The impression I have now is the same one I had on the terrible two days when the first three hundred of you came--the impression of great physical discomfort, hardship, and of perfectly marvelous human spirit throughout the colony. And it is that impression which give me this feeling of almost being bashful in talking to you. Also, I cannot help talking to you as the representative of more than 100,000 of our fellow people, of whom you are a part, and to who this sudden removal from your homes has come as a shock--even a bitter blow. You have come through, you are passing through, an ordeal. Of course, you are not passing through any greater ordeal endured by people all over the world, but it is a bitter and shocking ordeal.
As I watched the decisions being made--the decisions that there must be this removal of our Japanese people from the Pacific coast, I could not dispute the practical necessity of it. Probably, it was an inevitable thing. None the less, it was action, which, in the nature of it, was loaded with injustice. Thousands and thousands of deep, bitter, individual injustice had to be done and was done in this removal, although, I imagine you agree that it was inescapable by then.

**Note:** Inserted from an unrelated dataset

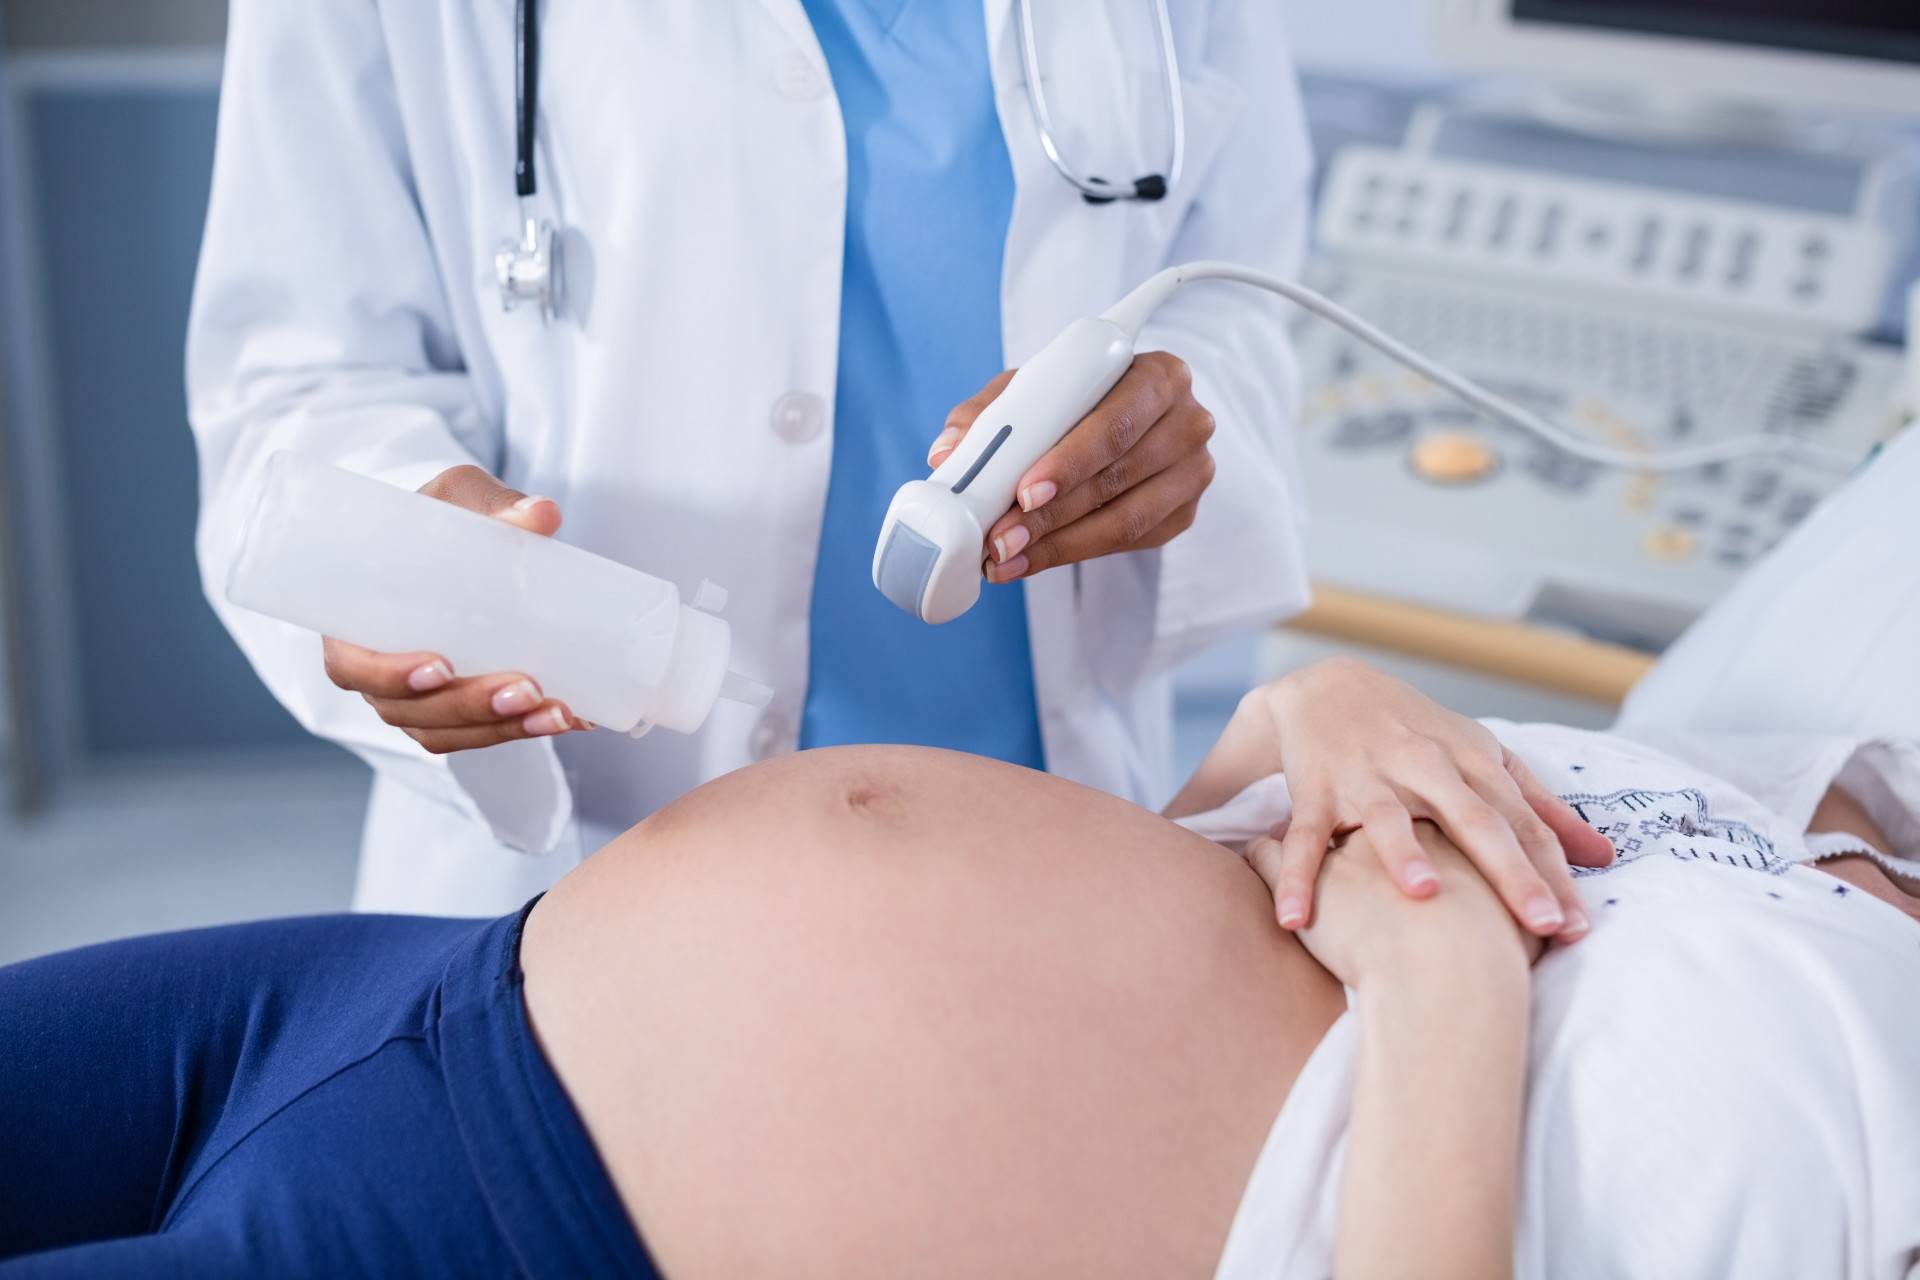 Bezpłatne badania prenatalne w ramach NFZ w ALLMEDICA w Krakowie

It came about that the organization, of which I am the chief, was requested to administer this, which is the largest of the Relocation Centers, the largest of the colonies.
We agreed to accept the responsibility upon a clear and written understanding that the Administrative authority here would be in us. By which, I mean, in the Department of the Interior, in Secretary Harold Ickes and me. That was because we were determined that if we became involved in this resettlement work, if we became responsible for it, we were determined to carry out certain philosophies and certain principles of motion.
I shall tell you what those philosophies and principles are in a moment. I shall also guard my statement by saying that we are not in a position to do just anything we want to do. What we do here, we will collaborate with you in doing. It will be done within a nation engaged in what is actually a life and death war. It will be done in a great population which in increasingly possessed of war psychology--necessary and desirable that it is that way.
Whatever we do here is within the bounding control of the Army and of the War Relocation Authority. Both of those entities, the Western Division of the Army and the War Relocation Authority have shown that they are broadminded, socially minded and free toward you. Nevertheless, our thinking may not be identical with theirs at every point. In talking to you tonight, I can only do so as if I were speaking to one or two of you. It is because of what is in my mind--in my heart. It is because what I think and feel is what the Secretary of the Interior thinks and feels, and what the whole personnel of the Office of Indian Affairs think and feel, it may have an interest for you.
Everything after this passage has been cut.